# (eom) question.



## Razuur (Feb 25, 2003)

Hello!

I have a question.  I finally wrapped my head around EoM.  It took me three attempts to "get it", and I spaced them out about a month apart.  I don't know what it was, but it just didn't "click" - until last night that is.  Now that is has, I am definitely offering the EoM system to my players if they would like to spice up their magic some.

But I do have some questions, and mind you they are questions, not judgements.

The big one is why does the Mage get so many spell lists.  Spell lists seem to be far more flexible than spells, as a variety of effects could be achieved with each Element combination, right?  So it seems to me that a 20th level character (having 70 some spell lists) has a lot of power.  I am just curious why?  Not judging it as right or wrong.  Actually just trying to wrap my head around it, thats all.  There must be a reason, and I am not getting it.  Is the thought that with 78 spell lists, you should be able to recreate every spell in the PG?

Second and this more for GMs and players - are you having the PCs record their specific "spells"?

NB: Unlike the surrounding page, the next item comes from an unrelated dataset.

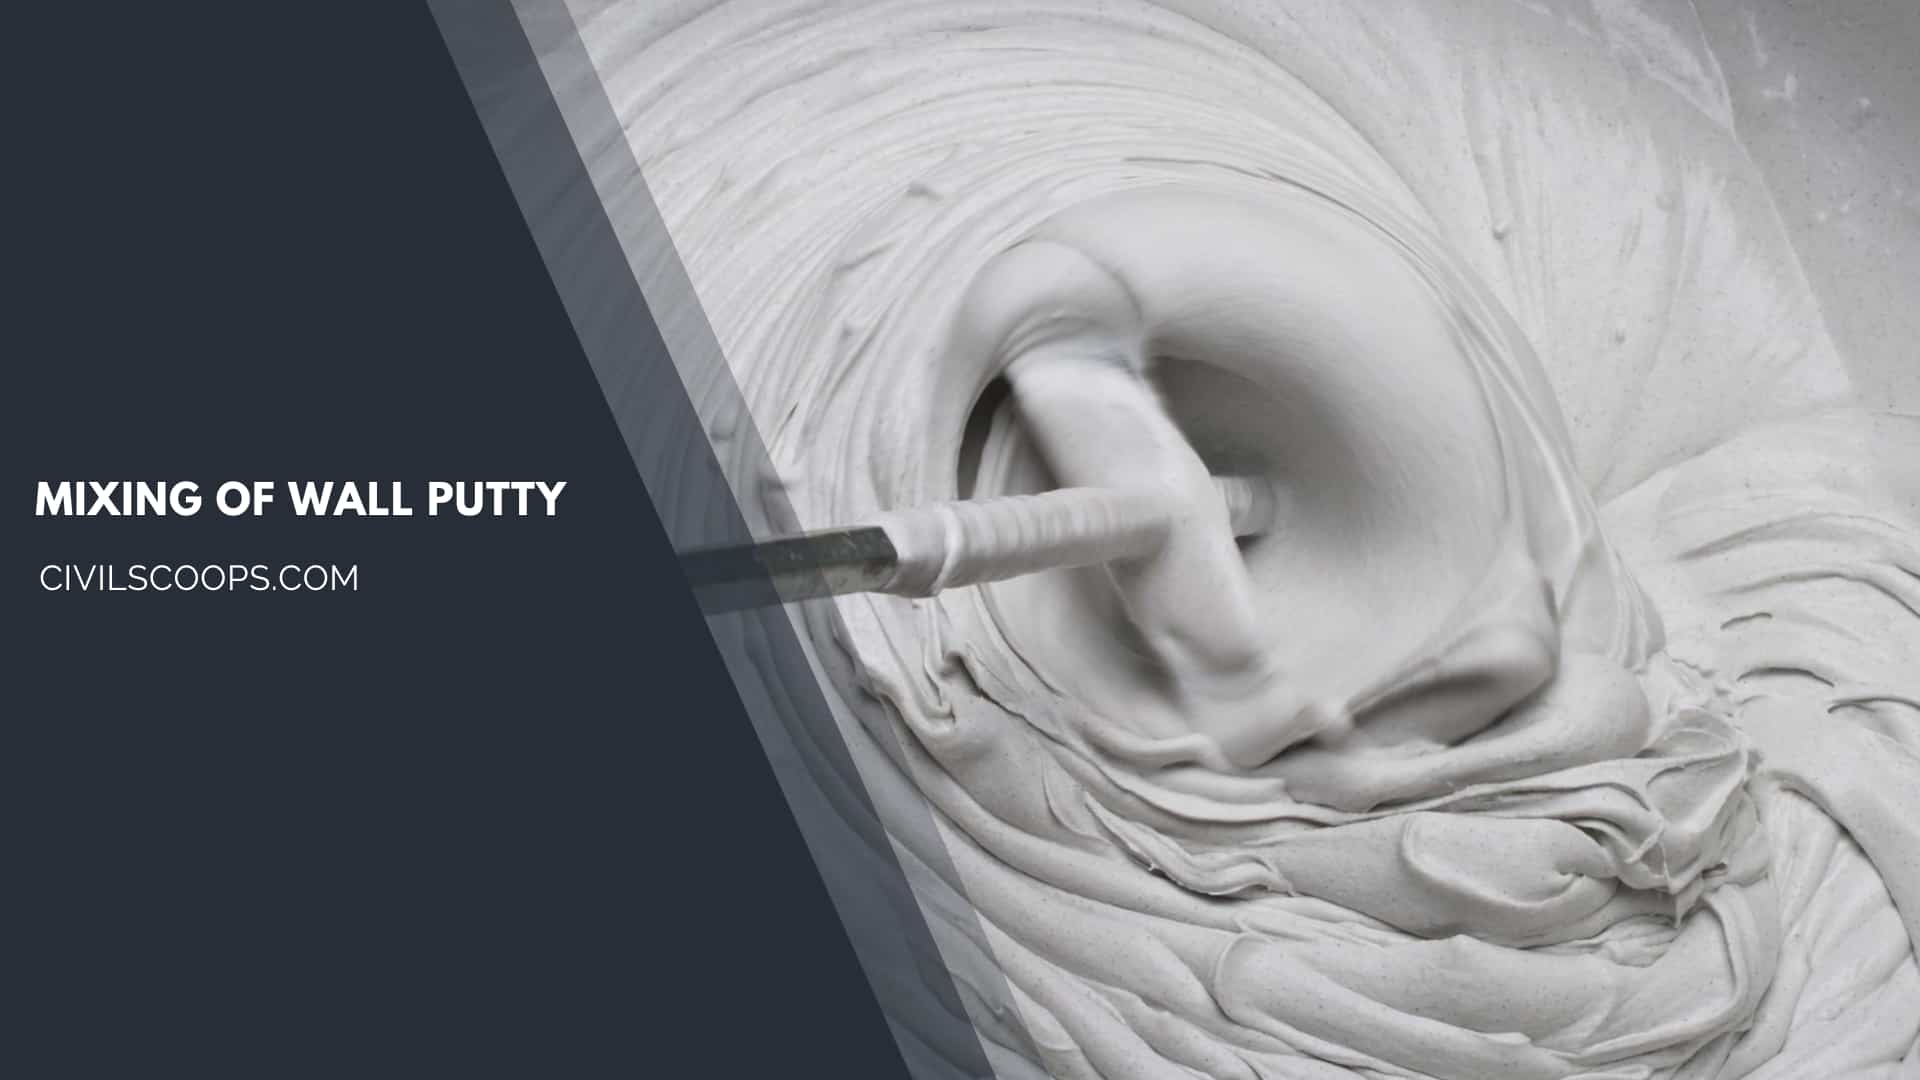 Mixing of Wall Putty

Neat product.  One of the more unique and neat products out there.  This and A Magical Medieval Society are two PDFs that have turned me on my head as of late.


----------



## r-kelleg (Feb 26, 2003)

Razuur said:
			
		

> *Hello!
> 
> 
> The big one is why does the Mage get so many spell lists.  Spell lists seem to be far more flexible than spells, as a variety of effects could be achieved with each Element combination, right?  So it seems to me that a 20th level character (having 70 some spell lists) has a lot of power.  I am just curious why?  Not judging it as right or wrong.  Actually just trying to wrap my head around it, thats all.  There must be a reason, and I am not getting it.  Is the thought that with 78 spell lists, you should be able to recreate every spell in the PG?
> ...



*


I also asked the same question. It seems that it has to do with the maximum number of spell-list. they are avout 515 spell-list in the book. A 20th Mage will know 80 of them, in other words 15% of them.  Imho it still too much. some spell-list are too 'all puropose' ones. Infuse creatuer with [element] for exemple is very powerfull as you can cast it in 4 different version. So, in this case, one spell-list equals about 40 spells. On the other hand the old "charm monster" does not exist anymore. You need several spelllist to be able to charm everything.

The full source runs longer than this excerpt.